Ко мне прямо во храме, после воскресной Литургии, на коей присутствовала вся моя паства, обратились несколько уважаемых жителей деревни. Они попросили, вернее будет сказать даже – потребовали запретить сыну жить в доме недавно умершего отца. Я был крайне удивлён этой просьбой и, признаюсь, чувства мои возмутились от тона, которым она была высказана. Разумеется, я поинтересовался причиной запрета. И вот что услышал в ответ.
Дом этот, говорили мои новообретённые духовные чада, проклят. Тем, кто там живёт, овладевает злой дух, и человек начинает жаждать крови. Суеверие сие было подпитано предшествующими ужасными событиями: хозяин дома зарубил топором супругу, а после того лишил жизни и себя. Из-за чего свершилось такое страшное дело – никто не знает.

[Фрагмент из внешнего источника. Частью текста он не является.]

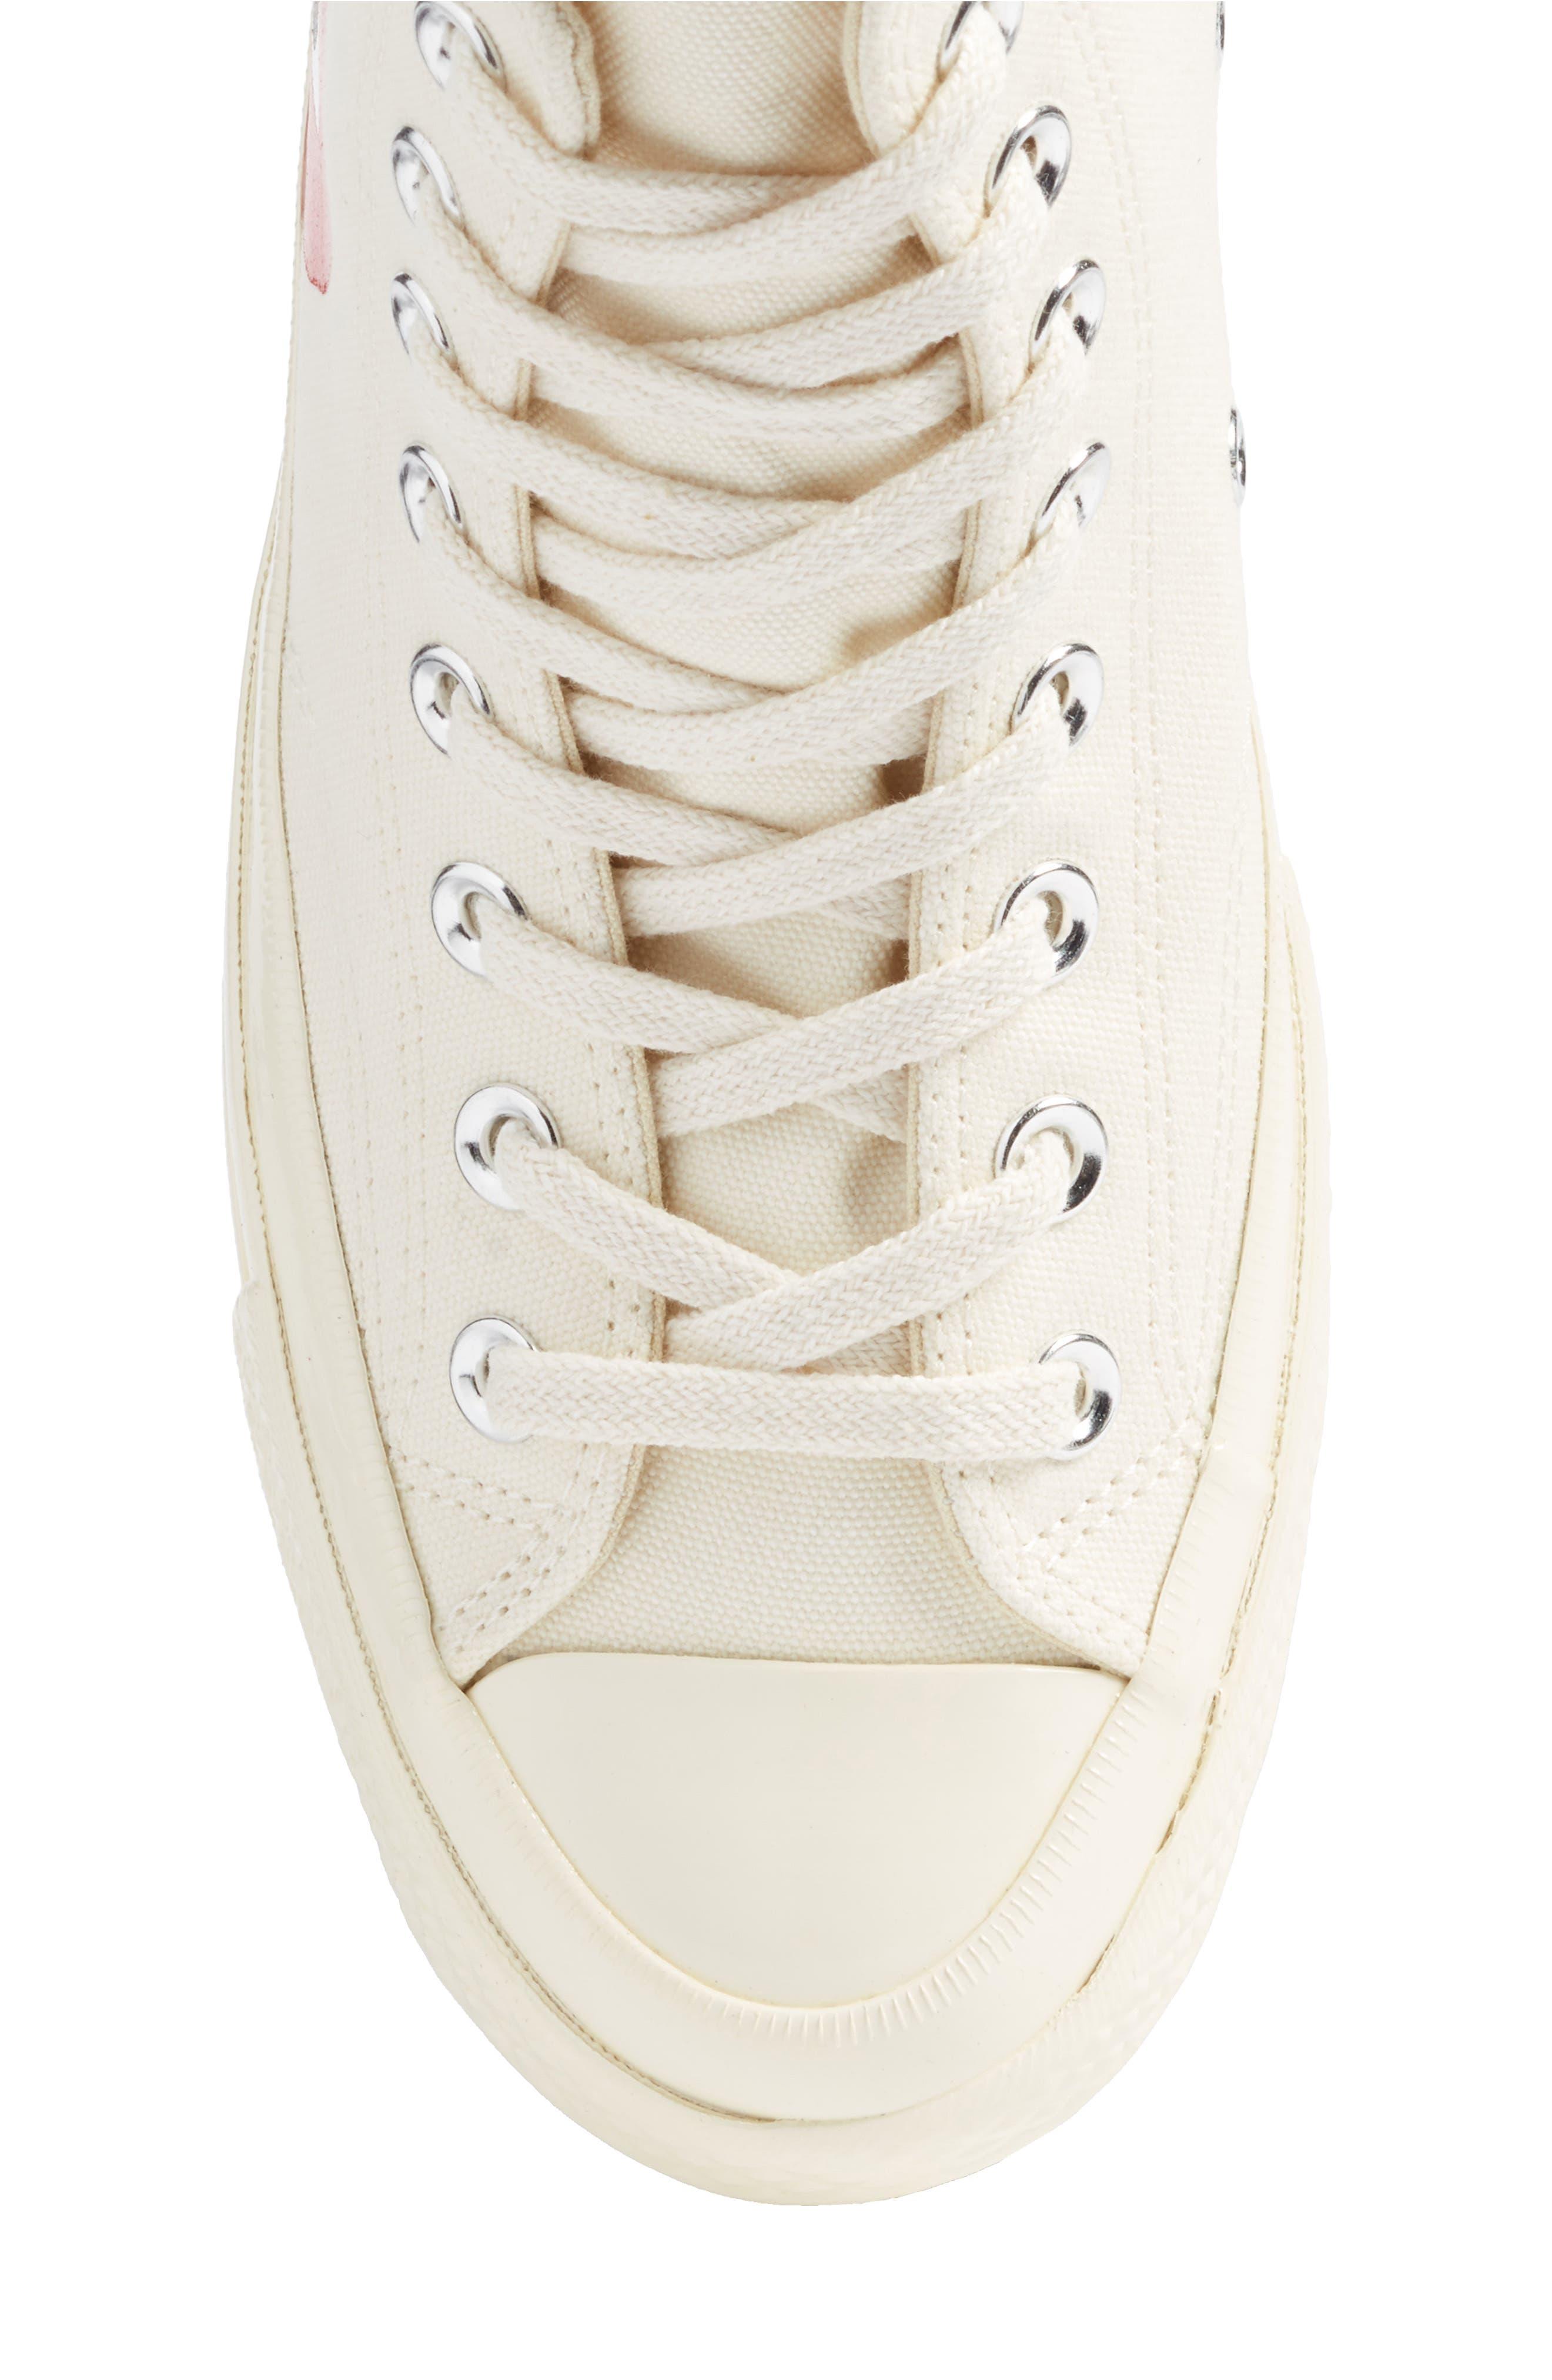 PLAYx Converse Chuck Taylor<sup>®</sup> - Hidden Heart High TopSneaker,                             Alternate thumbnail 5, color,                             WHITE CANVAS

В деревне поговаривают, что человек тот одержим был болезненною страстью ревности. Однако местные жители тут же вспомнили старые легенды о проклятии и злом духе, обитавшем в том доме. Хотя и признали, справедливости ради, что семья прожила там больше двадцати лет, и никаких признаков присутствия бесов в доме никто не замечал.
Разумеется, я отказал пастве в странной просьбе. Тогда один из мужиков пригрозил сжечь "проклятый дом". Я при всех запретил ему это делать, и паства недовольно зашумела.
Я долго увещевал их, говорил о суевериях, о силе Господней, о силе молитвы, но эти люди не хотели слушать, словно в них вселилась нечистая сила. Усмирить паству удалось только угрозой отлучения от Святого Причастия на месяц и обещанием освятить дом, который называют проклятым.
Молодой человек, наследник несчастного самоубийцы, тоже был в храме и произвёл на меня самое благоприятное впечатление. Юноша держался весьма скромно и почтительно. Мы договорились, что я приду освящать жилище сегодня, в понедельник.
И теперь, отче, меня терзают сомнения. Смогу ли я, по молодости и без опыта в таких делах, справиться с опасными народными суевериями? Хватит ли…
– Письмо обрывается, – разочарованно сказал Игорь.